# Dependency visualizations
Explore dependency parsed sentences with spacy

In [1]:
import spacy
from spacy import displacy

nlp = spacy.load("en_core_web_sm")

In [116]:
sent = nlp("the phone has good battery life")
for chunk in sent.noun_chunks:
    print(chunk)
displacy.render(sent, style='dep', jupyter = True)

the phone
good battery life


In [123]:
sent = nlp("The paper is cheap, weak, and flimsy")
displacy.render(sent, style='dep', jupyter = True)

In [97]:
sent = nlp("Black matte finish has good construction design and is cool.")
displacy.render(sent, style='dep', jupyter = True)

In [114]:
sent = nlp("Marketer brought diversity action alleging that manufacturer committed material breach of contract, deliberately and intentionally breached its duty of good faith and fair dealing, and breached its promise to provide appropriate advertising and promotion for sale of its products in IsraelCLAIM.")
displacy.render(sent, style='dep', jupyter = True)

In [197]:
sent = nlp("I was happy")
displacy.render(sent, style='dep', jupyter = True)

### testing extraction code

In [180]:
link_verbs = ['is', 'am', 'are', 'wa', 'were', 'look', 'sound', 'smell', 'tast','feel','appear',
              'remain','seem','ha','had', 'have']



from nltk.stem import PorterStemmer
stem = PorterStemmer()


### I need to check the linking verbs in their root form.  I.e., look vs. looks vs. looked 

In [214]:
import string
import re
sent = nlp("I was happy and the phone is sturdy.")
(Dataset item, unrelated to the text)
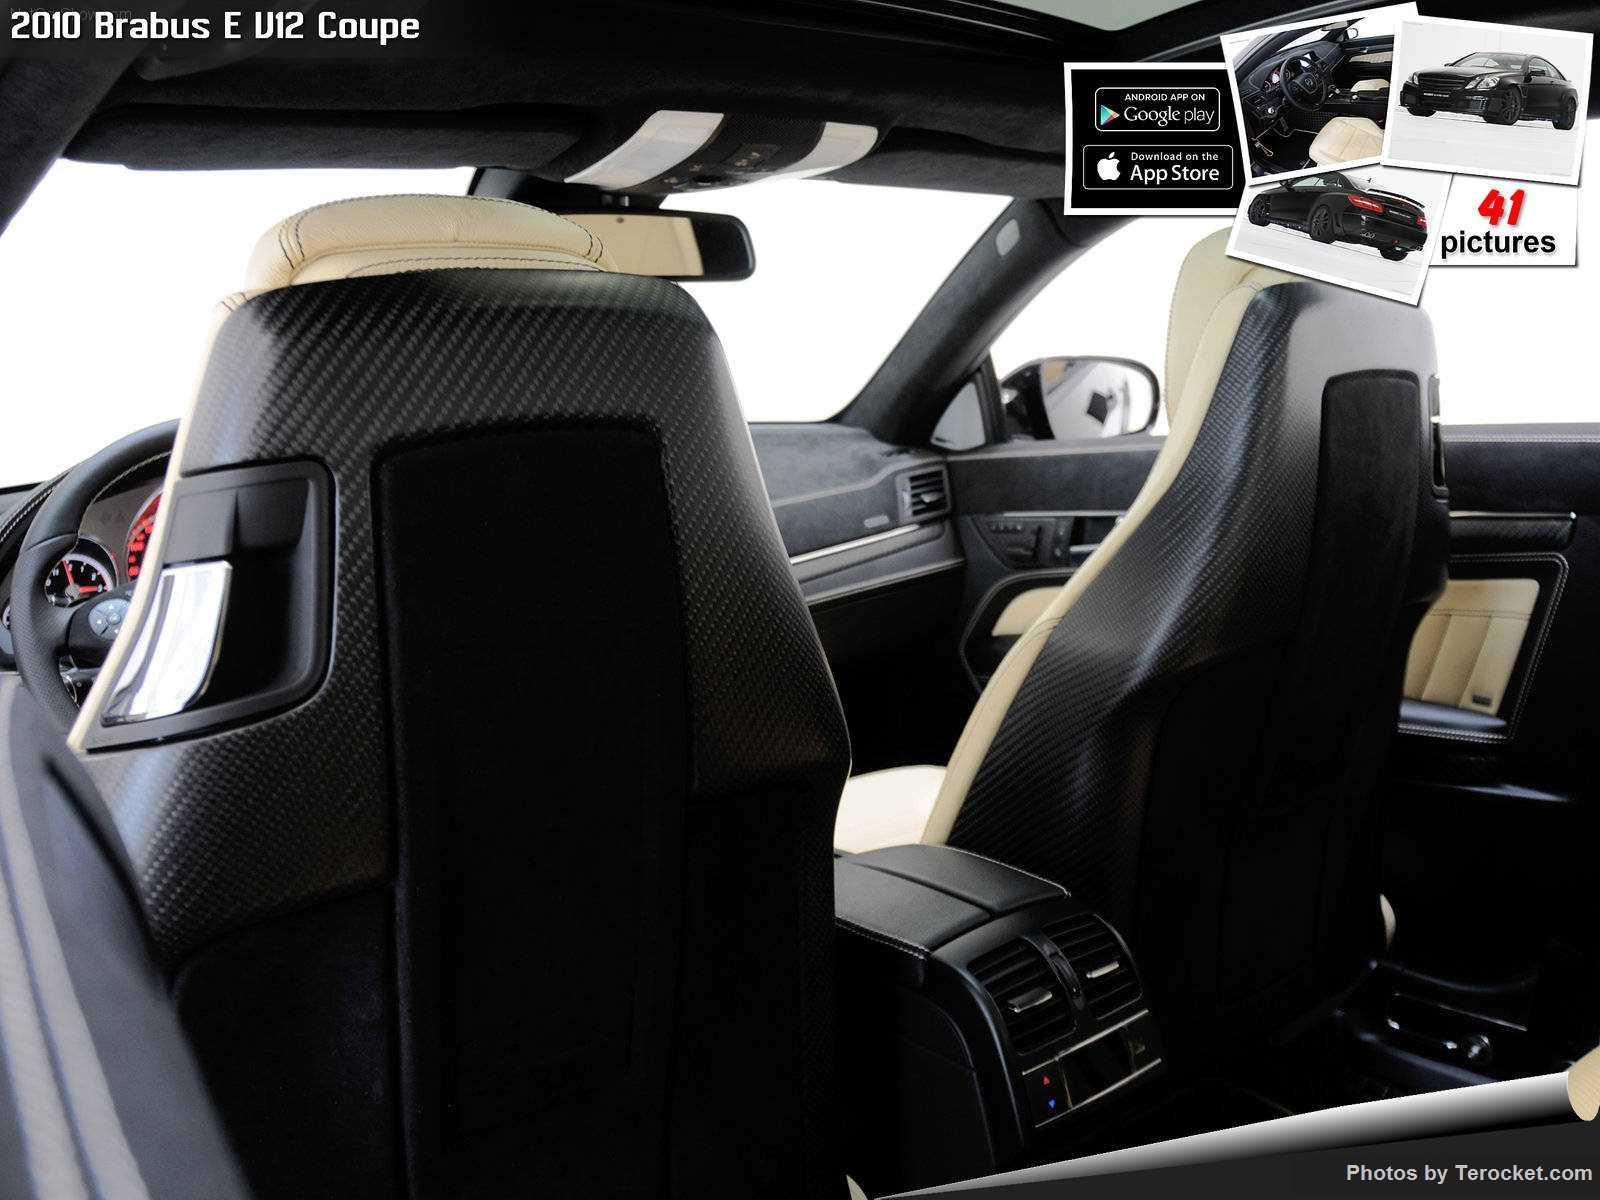 Hình ảnh xe ô tô Brabus E V12 Coupe 2010 & nội ngoại thất

# extracts the children for a verb (removes punctuation and verifies its not part of original chunk)
def extractChildren(verb, chunk):
    return [child for child in verb.children 
            if child.text not in string.punctuation 
            and child.text not in [word.text for word in chunk]]

# noun chunk links to adjectives
def link2adj(child, aspects):
    # if adjective then we know its part of a feature
    if child.pos_ == "ADJ":
        
        # how can I add logic that captures "to verb" in an easy way
        child_text = None
        for c in child.children:
            if c.pos_ == "VERB" and list(c.children)[0].text == "to":
                child_text = ' '.join([word for word in [child.text, "to", c.text]])
        
        if child_text == None:
            child_text = child.text
        
        aspects.append(' '.join([word for word in [chunk.text, verb.text, child_text]]))

    return aspects

# noun chunk links to noun then adjective
def link2noun(child, aspects, skips, sent):
    if child.pos_ == "NOUN":
        # collect the entire chunk 
        feat_chunk = [chunk.text for chunk in list(sent.noun_chunks)
                      if re.search(child.text, chunk.text)][0]
        
        # add to aspects and skips
        aspects.append(' '.join([word for word in [chunk.text, verb.text, feat_chunk]]))
        skips.append(feat_chunk)
        
    return aspects, skips

# recursive algorithm to extract conjugations 
def extractCONJ(child, aspects):

    # see if we need to go further down the tree
    # if there are further children (multiple conjugations then we continue traversing to the bottom)
    child_children = extractChildren(child, chunk)
    if len(child_children) > 0:
        for c in child_children:
            aspects = extractCONJ(c, aspects)

    # otherwise extract the aspects
    # once at the bottom, we check to see if our criteria are met then add aspects
    # then we will come back up the tree
    if child.dep_ in ['acomp',  'conj', "xcomp"]:
        aspects = link2adj(child, aspects)
        aspects, _ = link2noun(child, aspects, skips, sent)
            
    return aspects

        
aspects = []
skips = [] # skips already reviewed noun chunks 
for chunk in sent.noun_chunks:
    
    # skip if noun chunk was already reviewed or if the noun chunk is a pronoun
    if chunk.text in skips or any([word for word in chunk if word.pos_ == "PRON"]):
        continue
    if (chunk.root.dep_ == "nsubj") and (stem.stem(chunk.root.head.text) in link_verbs):
        verb = chunk.root.head
        
        # get children for each verb, removing core noun chunk and any punctuation
        children = extractChildren(verb, chunk)

        for child in children:
            if child.dep_ in ['acomp', 'dobj']: # unsure about including dobj, but can leave for now
                # create aspect if links to adjective
                aspects = link2adj(child, aspects)
                
                # create aspect if links to other noun chunk
                aspects, skips = link2noun(child, aspects, skips, sent)
                    
                # if criteria are met, we check to see if there are any conjugations
                # recursively call functions to extract conjugations
                # since it is conjugations, we do not need to worry about skips, since it will have been captured already
                child_children = extractChildren(child, chunk)
                for c in child_children:
                    aspects = extractCONJ(c, aspects)

print(aspects)

['the phone is sturdy']


False

In [211]:
chunk

the phone